- Theatrical release poster
- Directed by: Dennis Klein
- Written by: Al Franken Tom Davis
- Produced by: Jonathan Bernstein Robert Kosberg Tova Laiter
- Starring: Tom Davis Al Franken Moira Harris Frank Howard Bess Meyer Meshach Taylor
- Cinematography: James Glennon
- Edited by: Gregory Prange
- Music by: David McHugh
- Distributed by: Columbia Pictures
- Release date: August 22, 1986;
- Running time: 95 minutes
- Country: United States
- Language: English
- Box office: $32,279 (USA)

= One More Saturday Night (film) =

1986 film by Dennis Klein

One More Saturday Night is a 1986 American comedy film written by Al Franken and Tom Davis and directed by Dennis Klein.

==Plot==
On a Saturday night in St. Cloud, Minnesota, Russ Cadwell is ready to have sex with his girlfriend, Diane Lundahl. Doug, a petty thief, decides to become a burglar, and his friend Traci suggests they burglarize a nearby house. Mr. Lundahl, father of Diane, Karen, and Kevin, goes on a date with a woman named Peggy. They have sex in a car at the park.

Karen is babysitting for Bill and Lynn Neal as they go out to eat.

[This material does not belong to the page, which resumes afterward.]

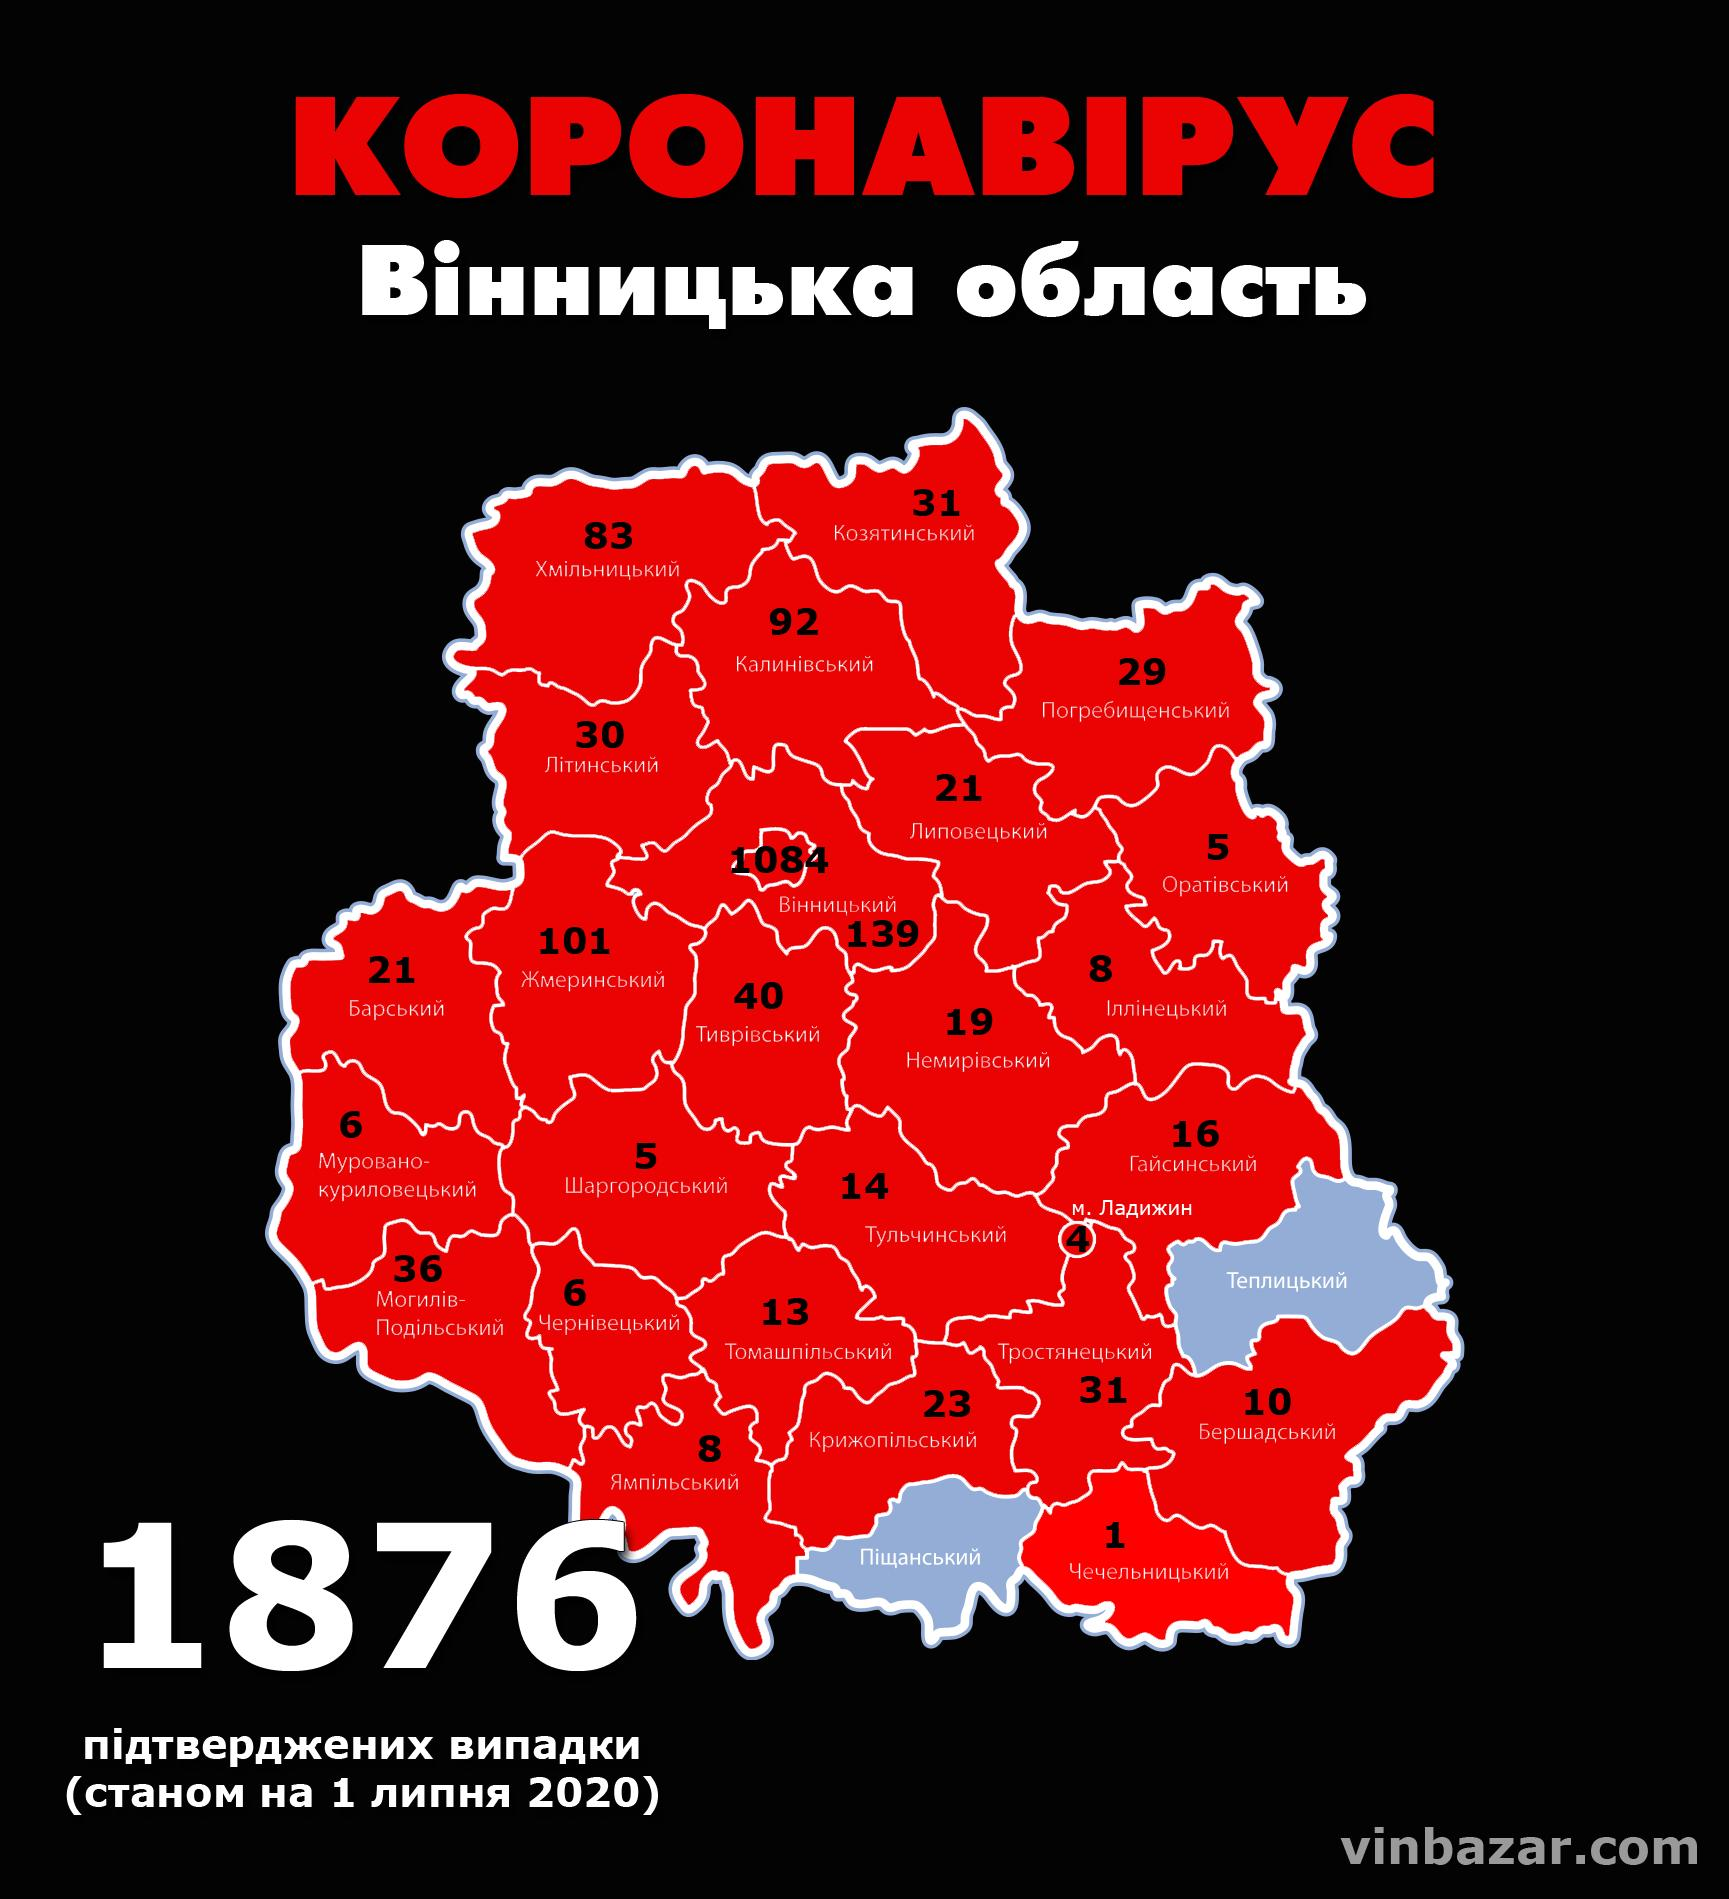 Станом на ранок 1 липня у Вінницькій області підтвердили 1876 випадків коронавірусу

Karen's boyfriend comes over to the house and talks her into having a party there. Russ gets into an argument with Diane. She and her friend, Tobi, go to the local bar, drink, and watch Bad Mouth, the band playing there. The lead band members, Larry Hays and Paul Flum, are both hoping to score. Things get crazier but also better as time goes by.

==Critical reception==
TV Guide says the film "suffers from trying to explore a variety of situations, and ultimately gets nothing said at all. The situations are routine, lacking wit or originality. Director Dennis Klein's pacing is slack and reveals no flare [sic] for comedy."

==Trivia==
Franken appeared on the 1985-1986 season finale of Saturday Night Live during Weekend Update and announced that Columbia Pictures was test-marketing the film in Sacramento, California, in June 1986; he also displayed a map depicting the locations of movie theaters showing the film, and provided directions to the nearest theater for viewers in the San Francisco Bay Area.

The movie's title is taken from the Grateful Dead song of the same name. Franken and Davis were big Grateful Dead fans.

==Production==
Portions of the movie were filmed in Glenview, Illinois, and at the Chateau Louise Resort in West Dundee, Illinois.